It is the view of some here that the successes of those other nations so close to China are more responsible for the change in economic policies sweeping China these days than any other internal or external pressures. Simple embarrassment on the part of the regime, perhaps.

A Long Process

Catching up after 30 years of letting the others get a head start will be a long process, even with the breadth of reform under way. But with a billion people, even operating at half speed, a modicum of good management will make this populace tremendously productive. That means getting a lot of bureaucracy out of the way.

Right now, the bureaucracy is learning by trial and error. It freed the price of vegetables in Peking only to discover that city officials had long had a practice of keeping produce from outside the immediate area from coming into the city. Hence, higher prices weren’t attracting the anticipated supplies. For a time, there were television sets in the stores, but clearly China isn’t ready to waste restricted foreign reserves on importing equipment to make TVs. Power plants maybe, but not TVs.

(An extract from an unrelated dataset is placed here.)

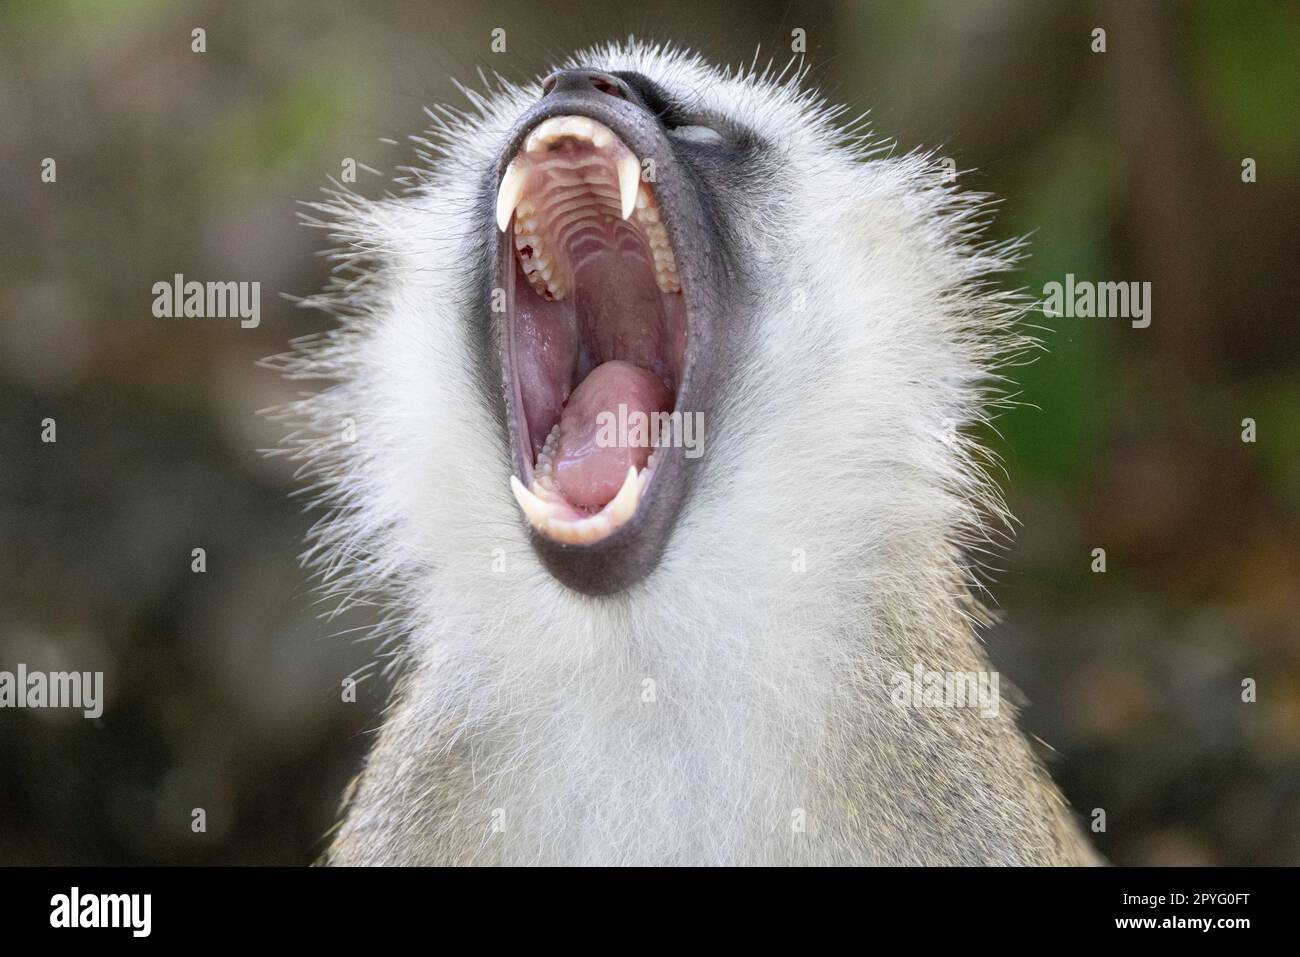 A close-up portrait of a vervet monkey in Kenya with its mouth open wide, revealing its sharp teeth Stock Photo

Still, there are signs of prosperity, particularly outside the city. Reforms began earlier in the countryside and a drive reveals rural communities with almost entirely new homes. Many of the bicycles on the streets in Peking--private cars are rare--appear to be new. Western fashion is spreading.

Life, however, is still harsh in many ways. An elderly professor, stripped of his title and belongings and sent away to the country during the Cultural Revolution, is back at his university, much in demand. But his home has been a fourth-floor walk-up apartment with one small bedroom-sized living area and a tiny kitchen and bath with no tub or hot water. Only this month is he getting a long-promised slightly larger unit.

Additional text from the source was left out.